– Дубынька, – не оборачиваясь, сказала повариха. – Больше двух не воруй, а сопрёшь, пойди на маслобойню, принеси мне три марки масла, да сперва руки вымой!
– Я один для Геалы сиротки! – начал оправдываться Дубыня.
– Хоть для Дакриодоры, вечно печальной девы, только руки вымой!
Молчание за кухонным столом наконец нарушил Самбор:
– Ты прав. Я как увидел Меттхильд тем летом на Вармской косе, так и понял, что влип. Как сейчас помню, сидит на корточках у моря, ищет янтарь, а платьице беленькое в горошек, и подол мокрый.
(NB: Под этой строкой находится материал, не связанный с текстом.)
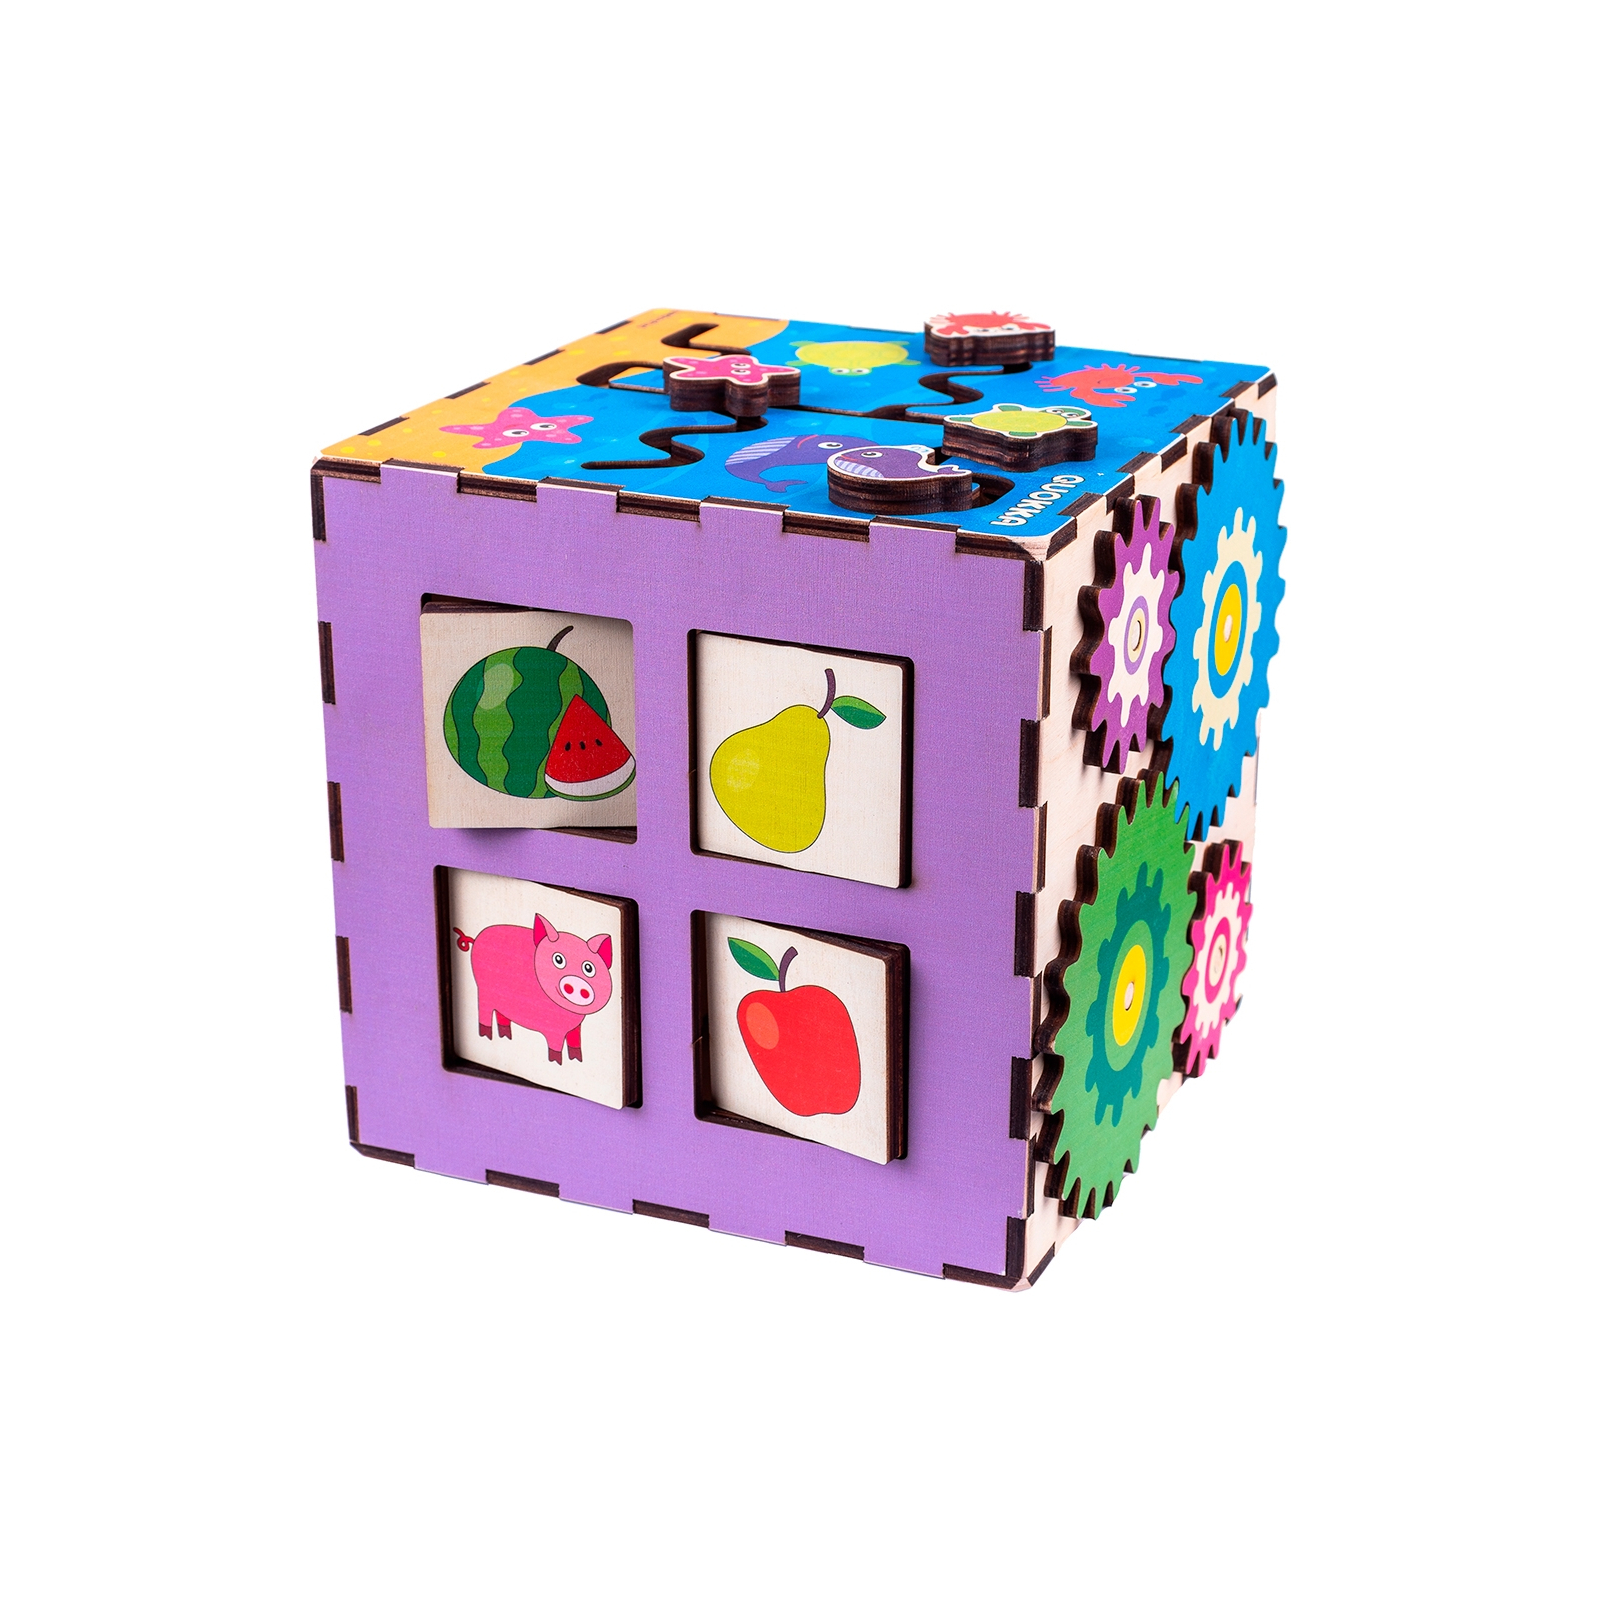 Развивающая игрушка Quokka Интерактивный куб 20х20 см (QUOKA002A) изображение 4

– Вот и я… – Вратислав покачал головой. – Так что вы с Гормом урядили, и скольких ватажников тебе дать?
– Ватажников хоть вовсе не давай, столько добровольцев напросилось в поход, замок лопнет!
– Ралландцы?
– Ралландцы, альбинги, и всё брусовское рушение. Дай ракетные огнемёты и огнесмесь. По пути поставим на коннахтские башни. «Тыллю» ещё два дня хода через море.
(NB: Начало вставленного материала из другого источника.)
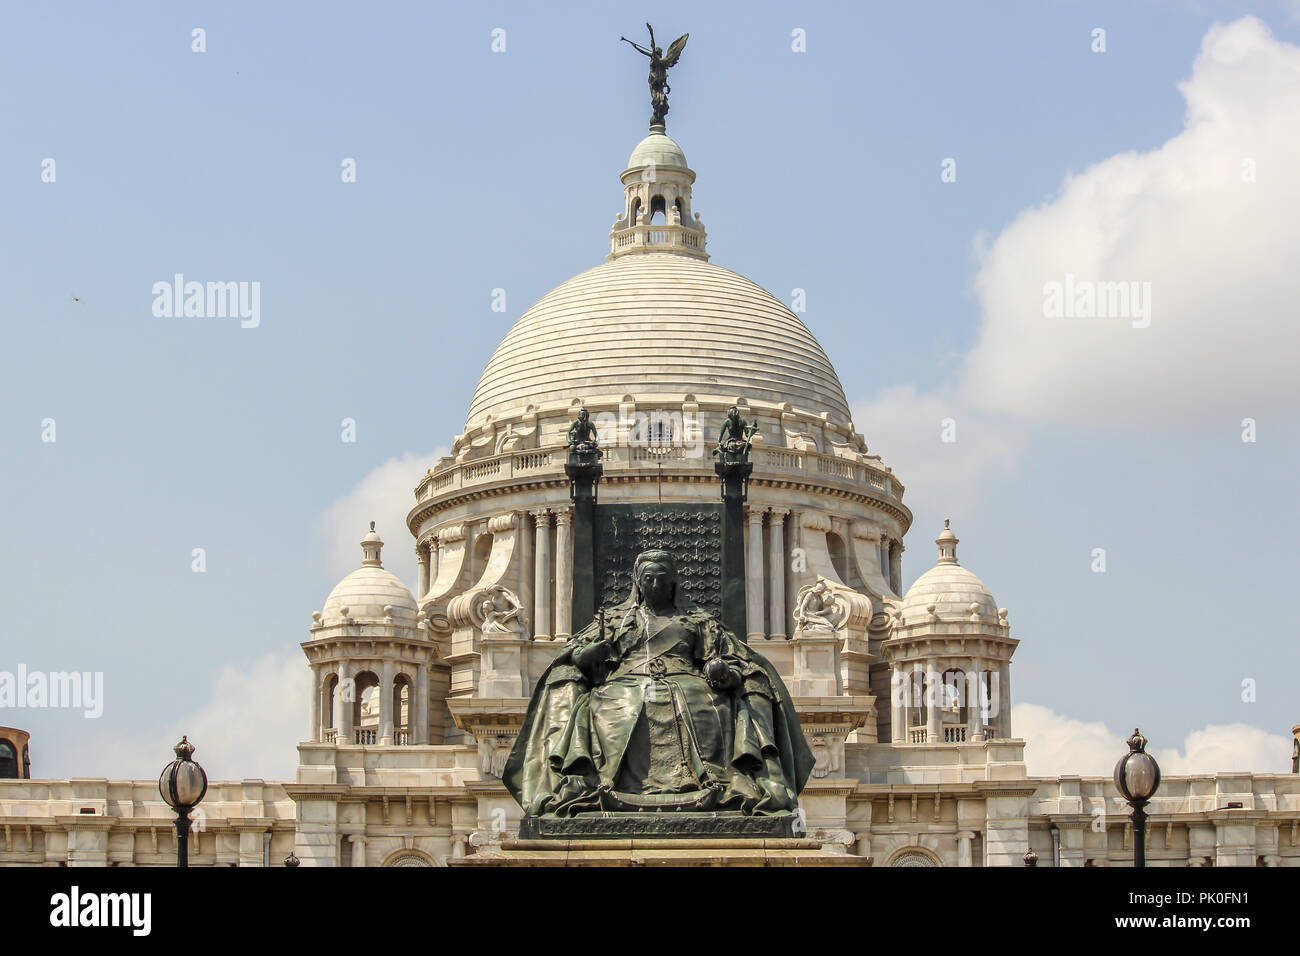 Day View of Victoria Memorial in Kolkata Stock Photo

– Дам. Хоть все бери – не любы они мне. На что она, огнесмесь?
– Круг земной слегка поотчистить от всякой заразы.
– Круг земной отчистить, в Поморье огнесмеси не хватит.
– По-твоему, раз весь нельзя отчистить, так из-за куска не стоит и стараться?
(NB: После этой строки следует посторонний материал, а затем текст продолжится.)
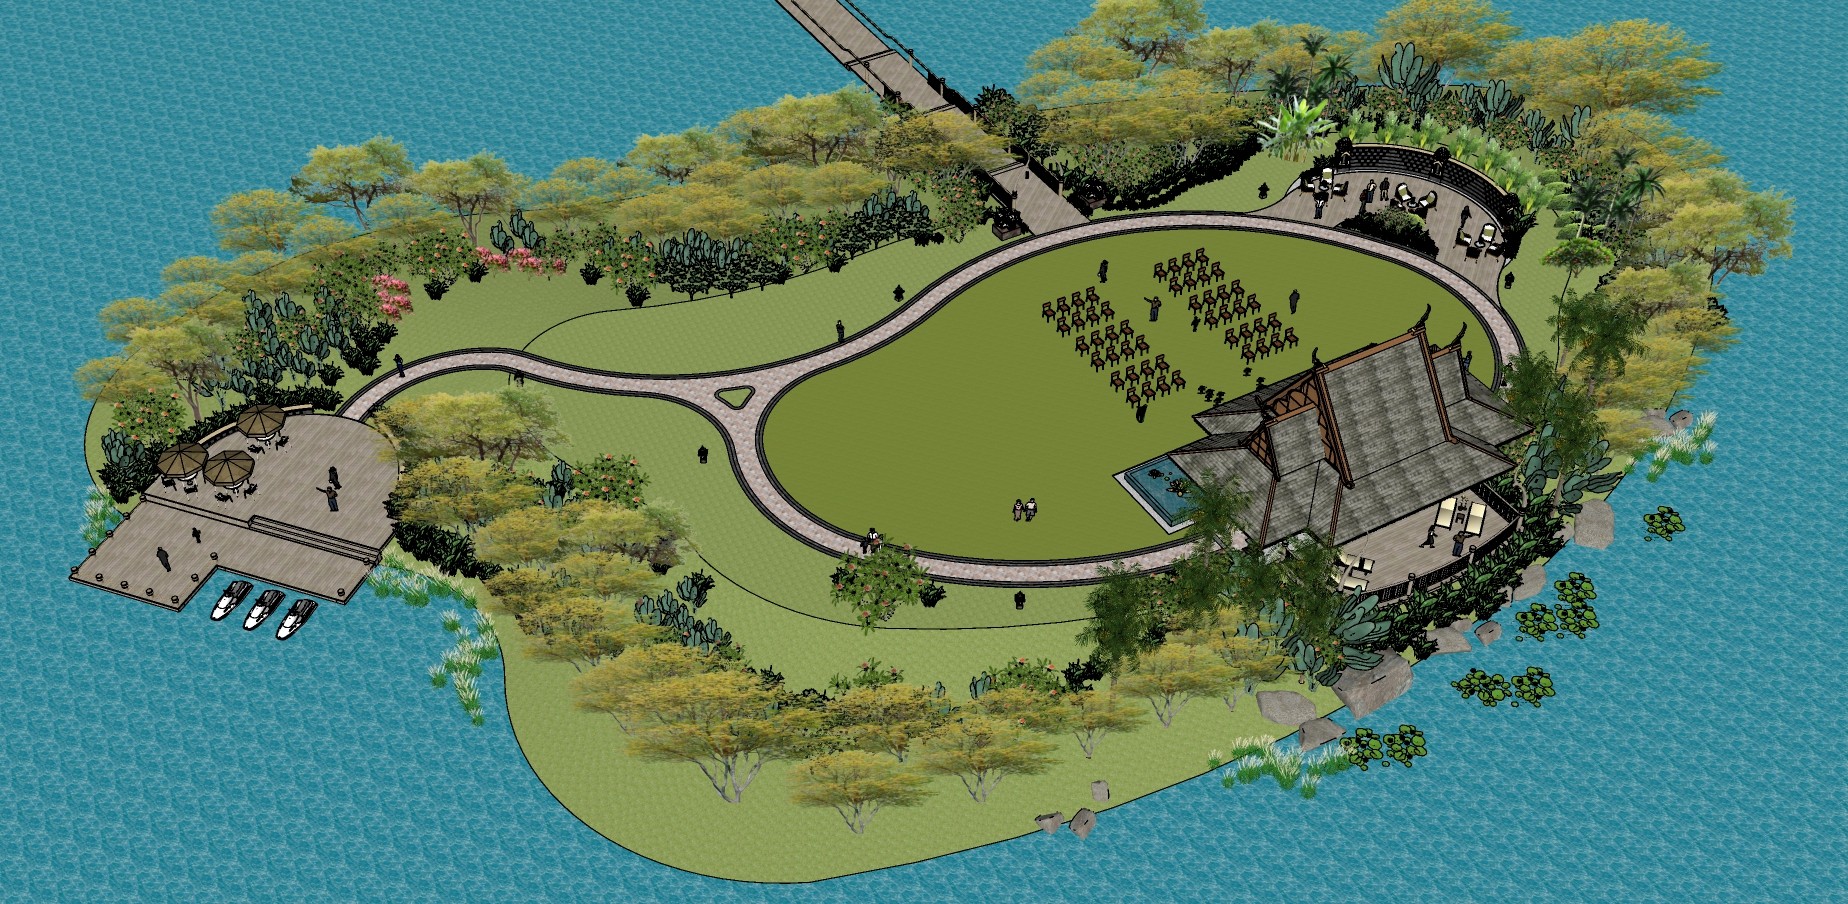 54东南亚风格婚礼主题岛屿景观设计  主题滨湖公园景观 园林景观  滨水景观带 市民休闲公园su草图模型下载
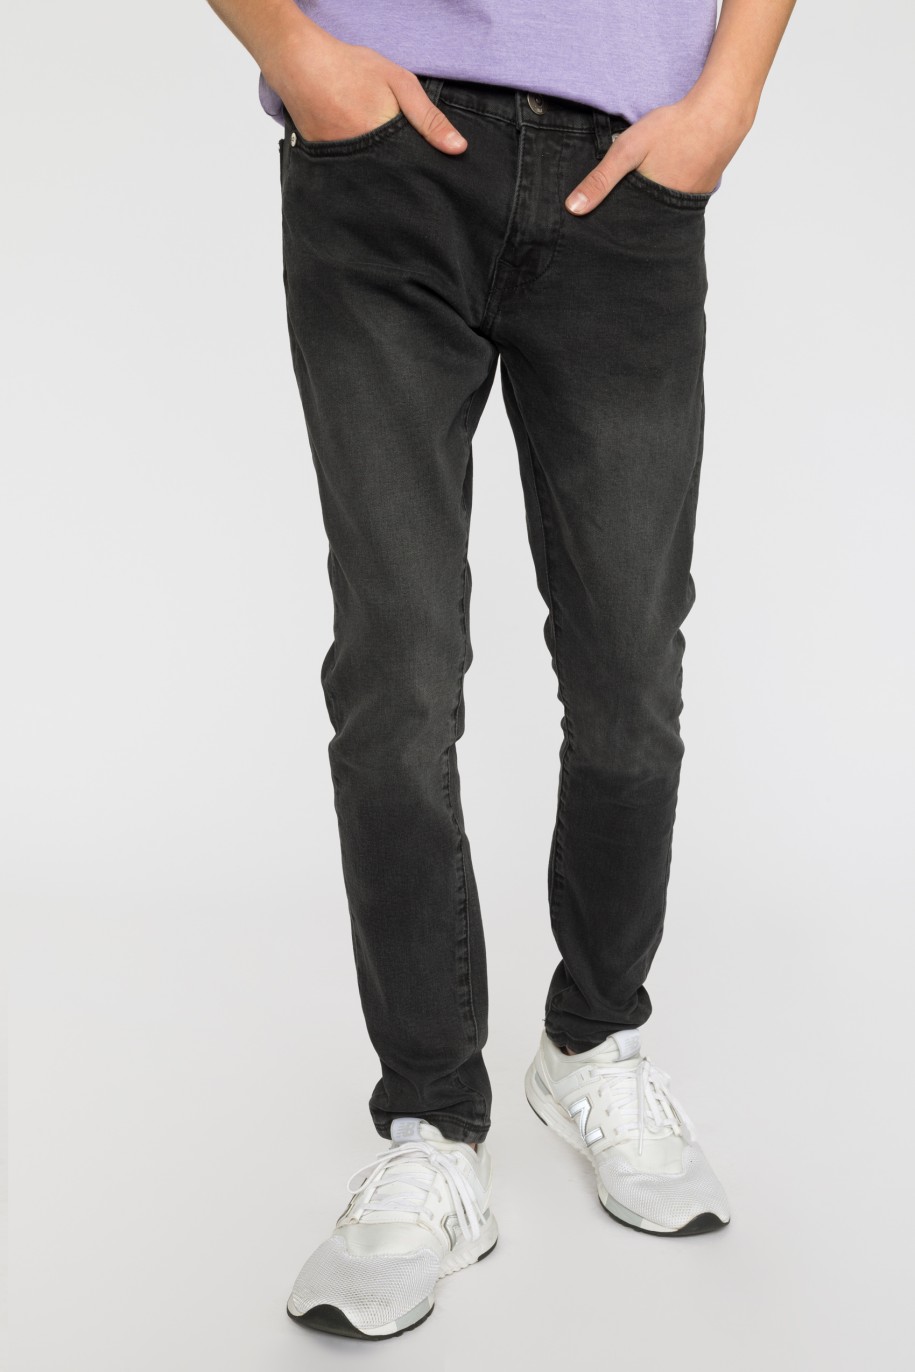 Czarne jeansowe zwężane ku dołowi spodnie dla chłopaka - 33443

– Нет, я не про то. Просто огнесмесью всех проблем не решить, а по одной их решать, замаешься. Нужен системный подход, а то от чолдонцев избавимся, сколо́ты из Дикого Поля нагрянут, за теми – исседо́ны какие-нибудь… Так, неровён час, окажемся, как багряная гегемония – все нашествия отразили, только не больно им это помогло… И вот о чём ещё подумай, – воевода почему-то принялся рассматривать свой кулак. – Есть смертные в земном круге, которых просто нужно убить. Убить, пепел развеять, и на погребальное кострище помочиться. Но одно дело, когда ты врага убиваешь, глядя ему в лицо… А с чолдонцами мы даже не как с врагами, а выжечь их хотим, как ты сказал? Как заразу, или как сорную траву…
– Тоже верно, заживо сгореть – скверная смерть.
– Смерть, она всегда смерть, не в том дело. Помнишь Мировола – тоже ведь сгорел, как сходил с эпицикла в атмосферу. Вытащили его из посадочной ступени, помочь хотели, шлем с него вместе с лицом снялся, а ведь не скажешь, что плохая смерть?
– Так, не скажешь. Предостойнейшая. Про него ведь и песню сложили?
– Вот не вовремя помереть – скверно, – рассудил воевода. – Помрёшь раньше времени, друзьям да родне печаль.
– А позже времени? – спросил Самбор.
– Тебе самому досада, что вовремя не помер.
Самбор фыркнул.
– Тебе, может, и рано ещё об этом думать, – воевода почесал переносицу.
– Может, и не рано, младость уходит, – неожиданно согласился мечник.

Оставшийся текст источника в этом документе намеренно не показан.